§ The data

%%

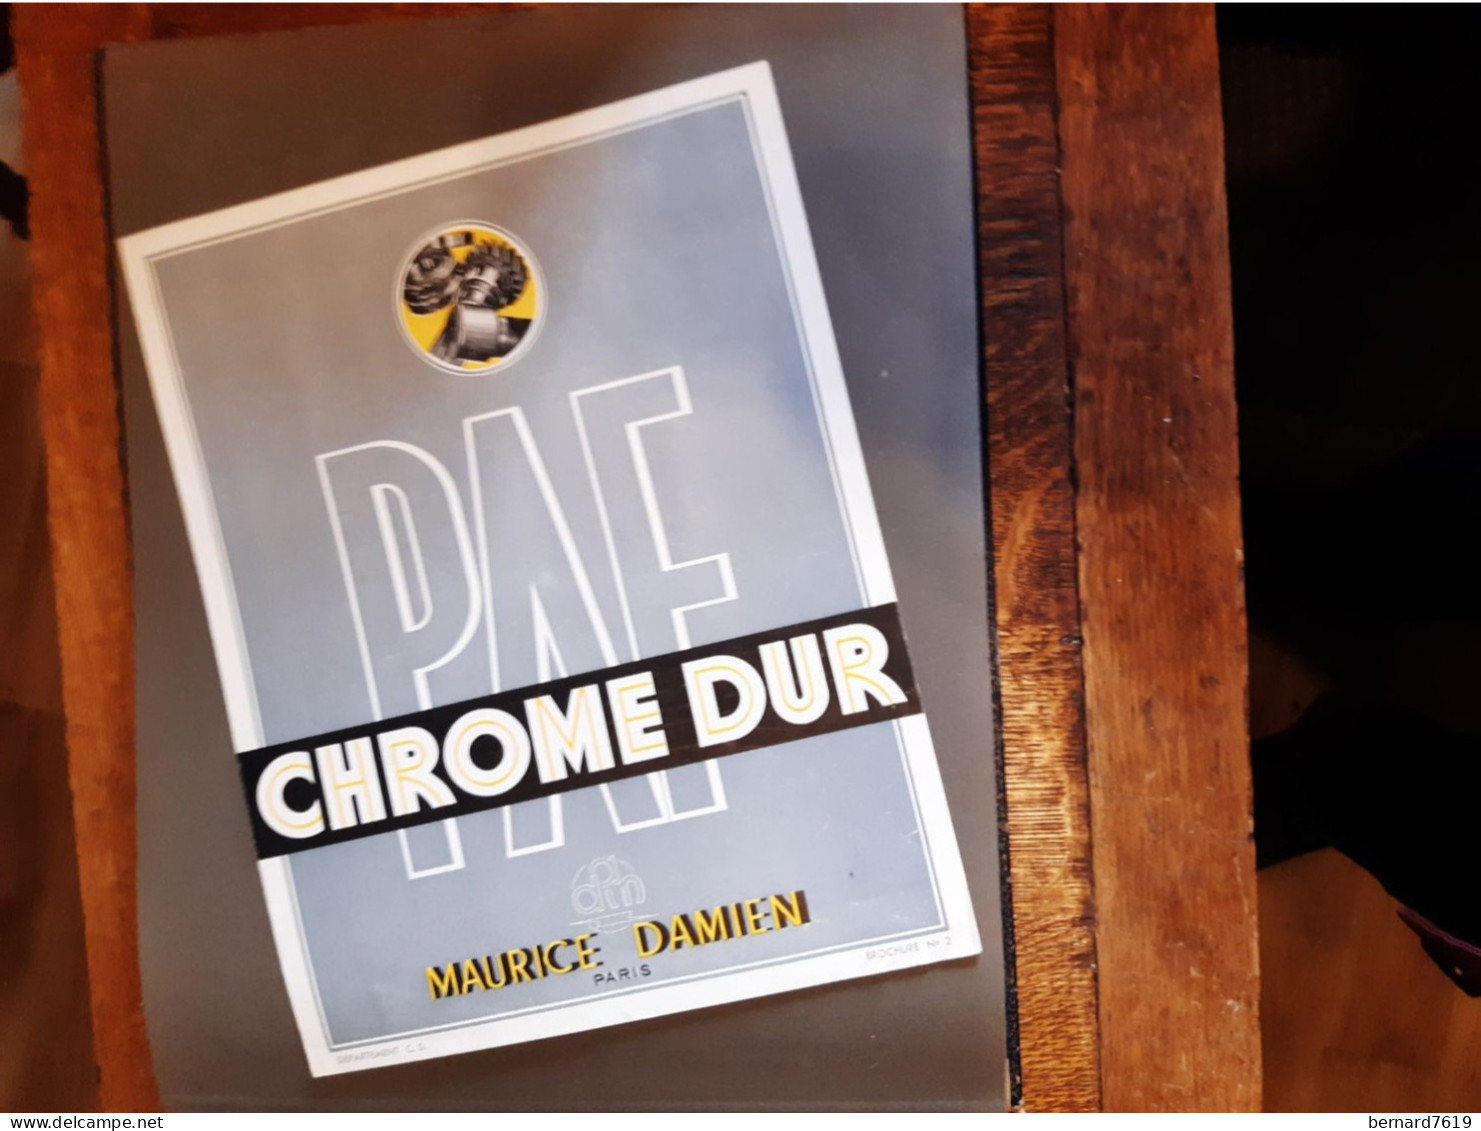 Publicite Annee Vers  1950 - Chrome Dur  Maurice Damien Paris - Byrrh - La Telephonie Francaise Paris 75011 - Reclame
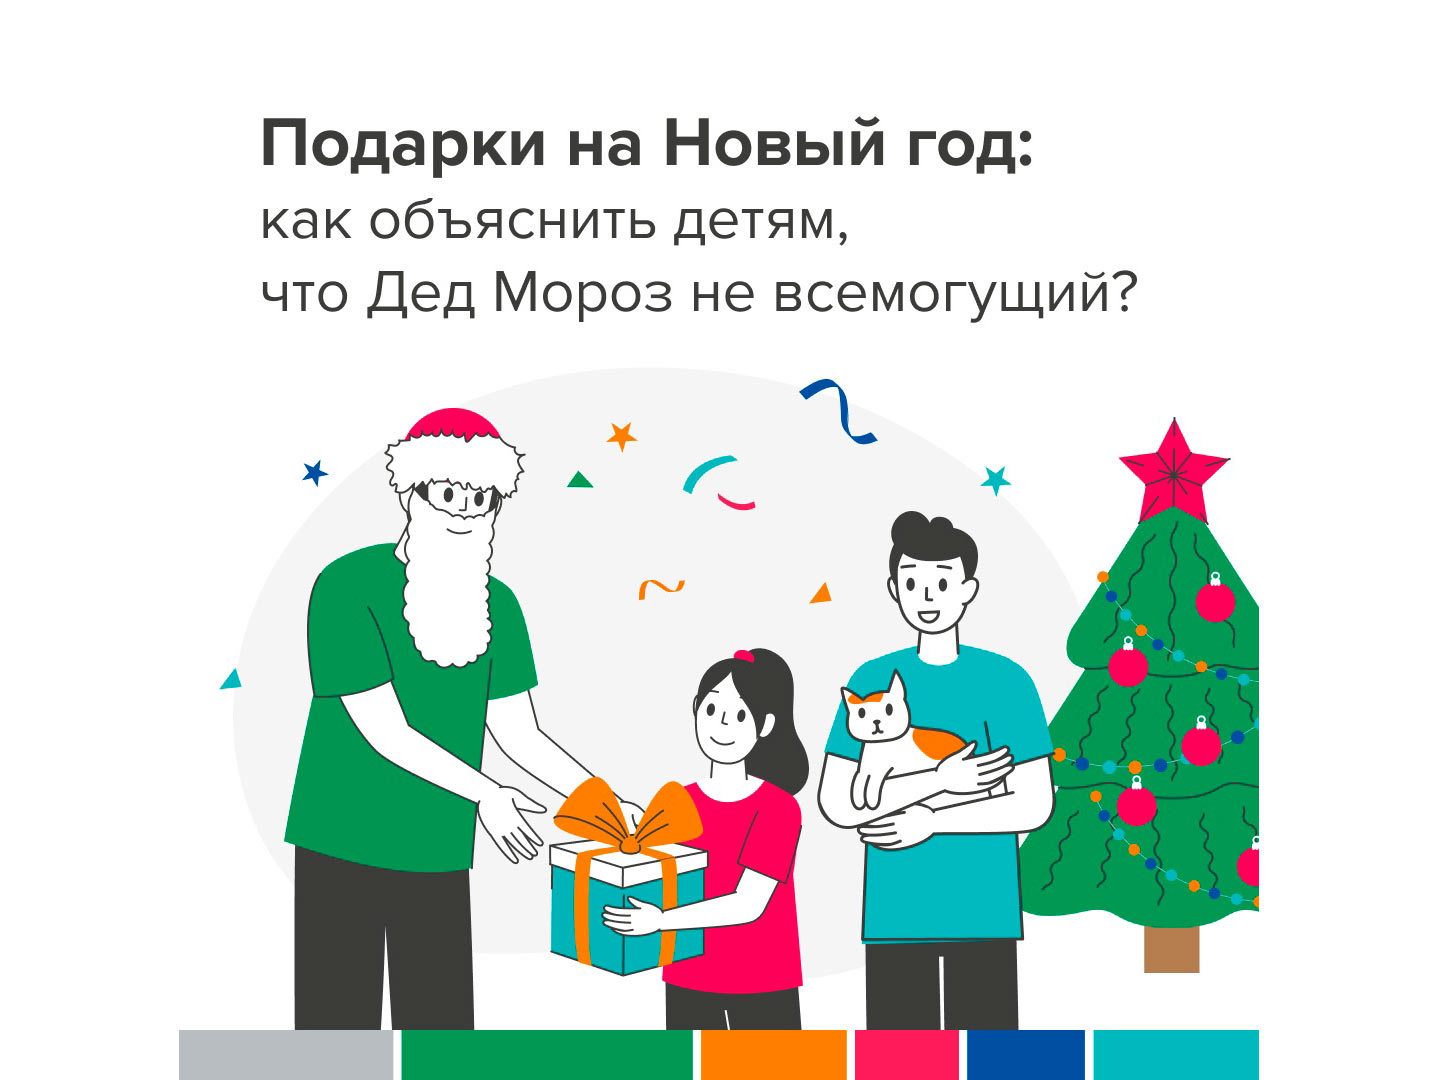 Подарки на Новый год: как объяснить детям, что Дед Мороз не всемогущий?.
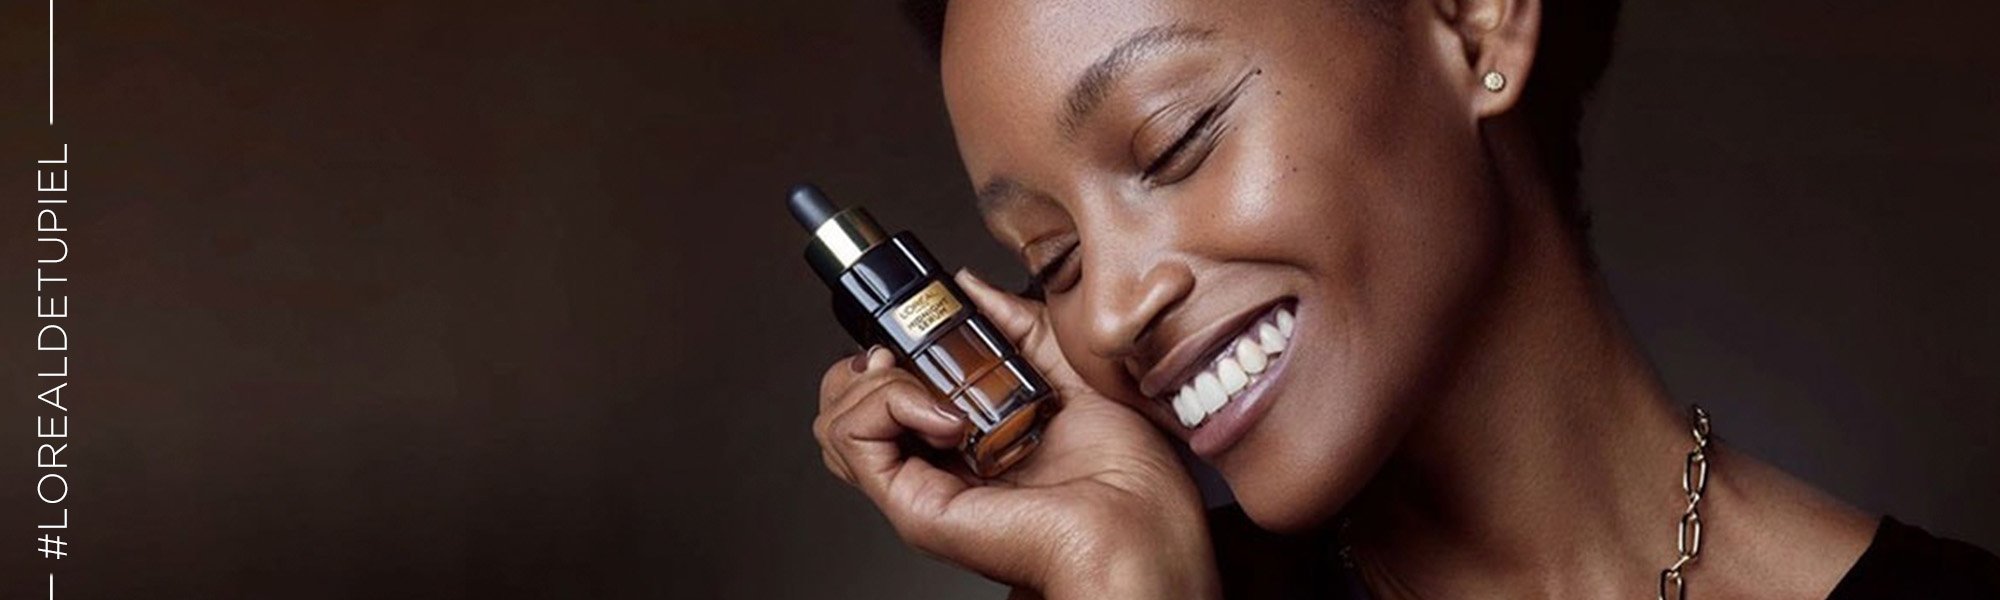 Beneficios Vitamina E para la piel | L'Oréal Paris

%%

§ Problem description
Only the pictures are to be left out; write out all the other data exactly.

§ Exercise answer
 Publicite Annee Vers  1950 - Chrome Dur  Maurice Damien Paris - Byrrh - La Telephonie Francaise Paris 75011 - Reclame
 Подарки на Новый год: как объяснить детям, что Дед Мороз не всемогущий?.
 Beneficios Vitamina E para la piel | L'Oréal Paris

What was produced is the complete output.